Im thinking about selling my car for a fiesta st, BUT as im 19 with 2 years no claims. My best quote so far is £2800. What is the best insurance companies for young drivers.

thanks


----------



## Razzzle (Jul 3, 2010)

tried Adrian Flux?

Daz.


----------



## Maggi200 (Aug 21, 2009)

Woah that's a lot!


----------



## skyinsurance (Jun 9, 2010)

My company may be able to help but we could only offer a TPFT policy which I appreciate may not be ideal. 

Tel: 0208 3645500, please make it very clear you are a detailingworld.co.uk member if you call us. 

Ollie
Sky Insurance


----------



## dew1911 (Jun 9, 2009)

I'm with Admiral, no one could get anywhere near on my Focus!

I came into this topic in the Off topic section, and walked out into Insurance :lol:


----------



## tom-coupe (Jan 17, 2009)

tried direct line always found them very cheap for me


----------



## Igloo (Oct 18, 2009)

Ollie, I'm 21 with no claims / SP30 and i couldn't get insurance on a focus ST


----------



## david-z (Apr 29, 2010)

Thanks for the info guys, im currently with aviva paying £1500 on a 57 plate saab 93.

but i fancy a change.


----------



## skyinsurance (Jun 9, 2010)

Igloo said:


> Ollie, I'm 21 with no claims / SP30 and i couldn't get insurance on a focus ST


21 with no no claims looking in insure a 200+BHP Focus?

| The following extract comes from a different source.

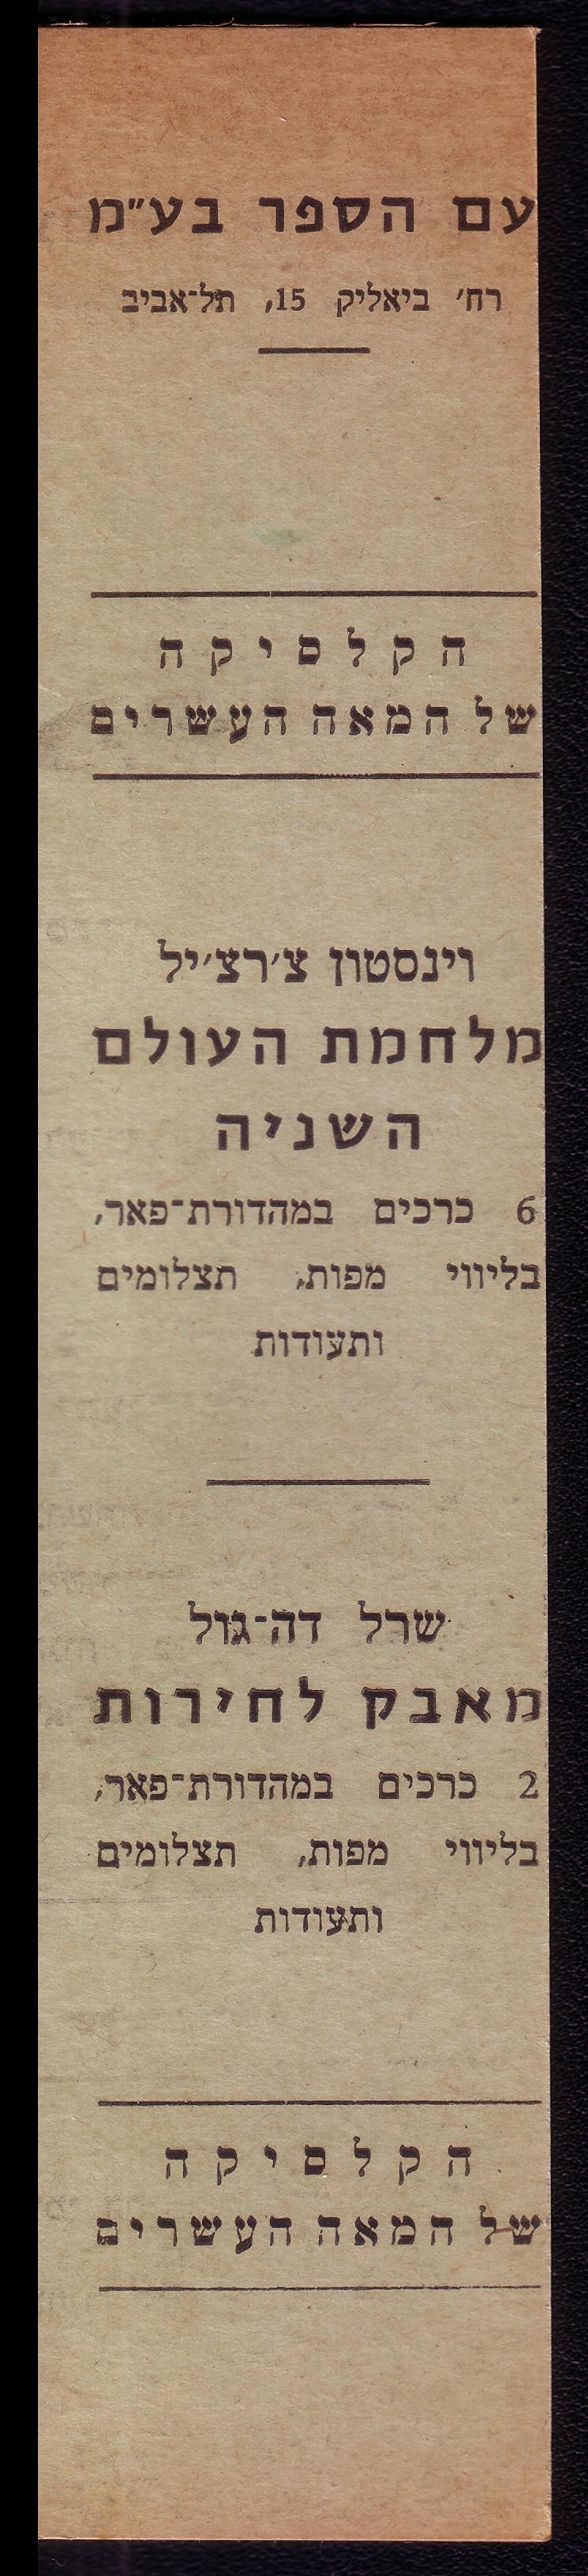 Am Hasefer, ad 1958
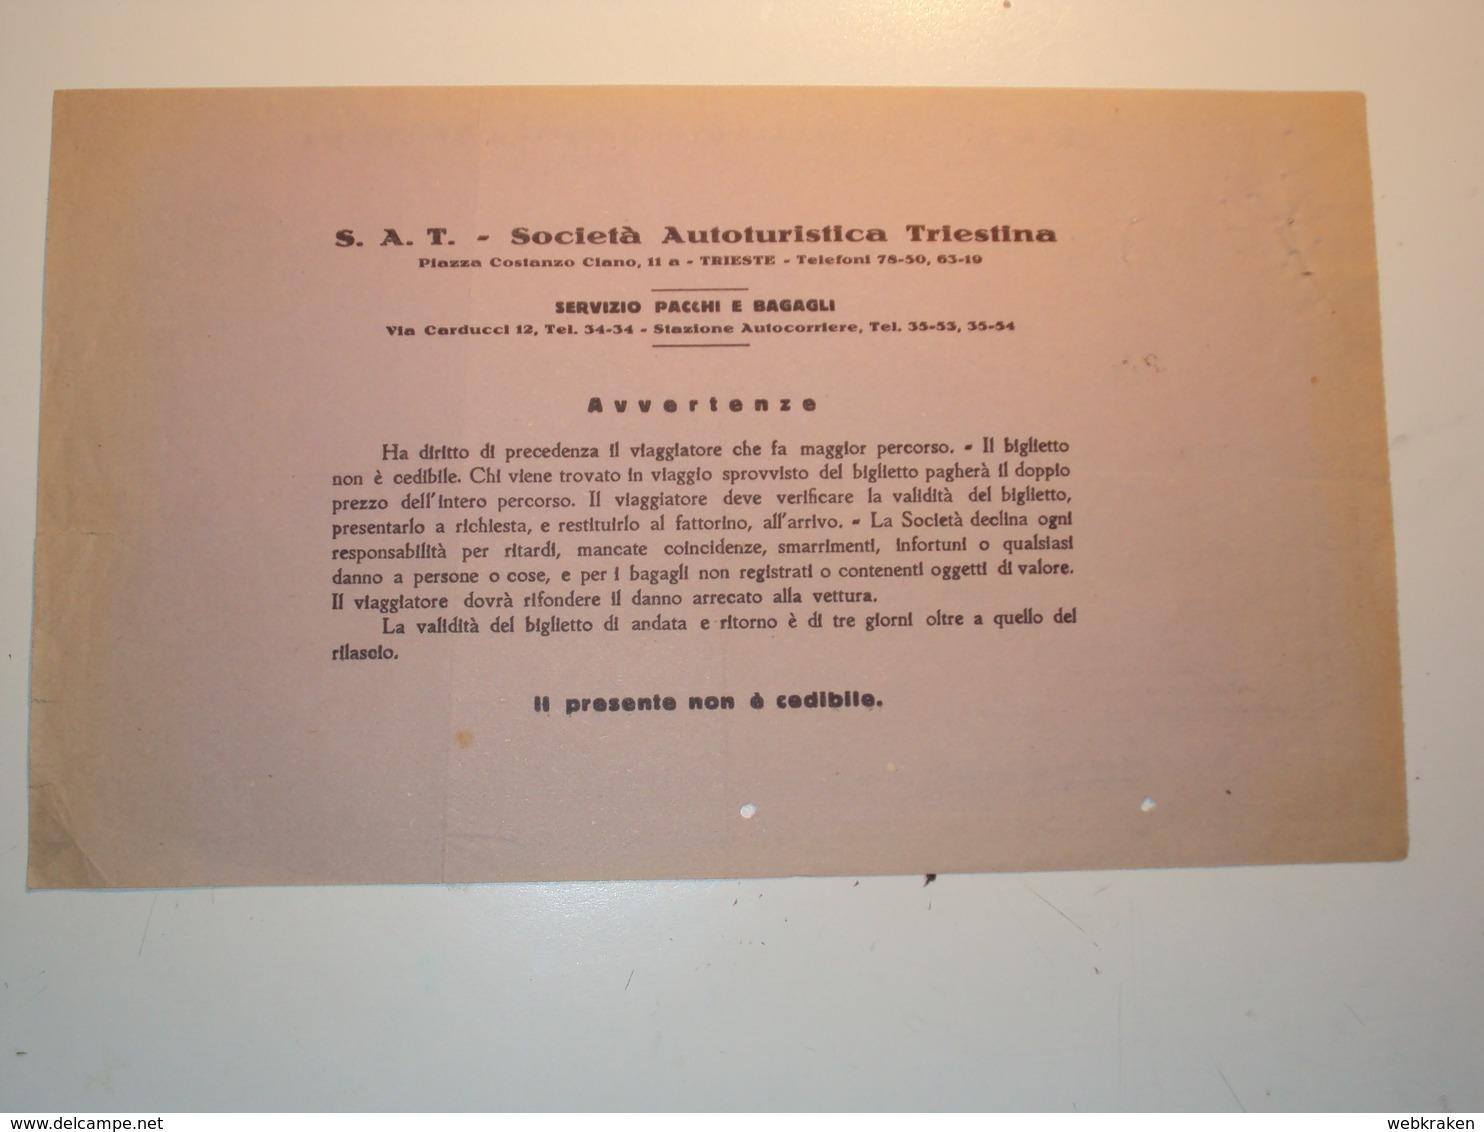 ITALIA TRIESTE BIGLIETTO DI AUTOBUS SOCIETà AUTOTURISTICA TRIESTINA OCCUPAZIONE TEDESCA 1944 PROVINZ FRIAUL FRIULI - Historical Documents

Without being rude, I am not surprised you couldn't get insured.


----------



## Igloo (Oct 18, 2009)

I have 4 year's no claims.

I also drive a company car with personal use looking at 2-3k/year use on the vehicle.


----------



## skyinsurance (Jun 9, 2010)

Igloo said:


> I have 4 year's no claims.
> 
> I also drive a company car with personal use looking at 2-3k/year use on the vehicle.


Ok, we can usually take claim free named/company car into account but it could have been your age that the issue. If you are still looking, you are welcome to PM me your surname, postcode and phone number and I'll see if there is anything we can do.

Thanks


----------



## Igloo (Oct 18, 2009)

It was more for "what if's" than anything.

Just kind of annoying that i do 40-50k a year in the company car, and i want to do a max of 3k a year in a car i'll love and adore (Something a bit spesh!) However i don't want to pay £2k insurance on what is at the end of the day an £8k car...


----------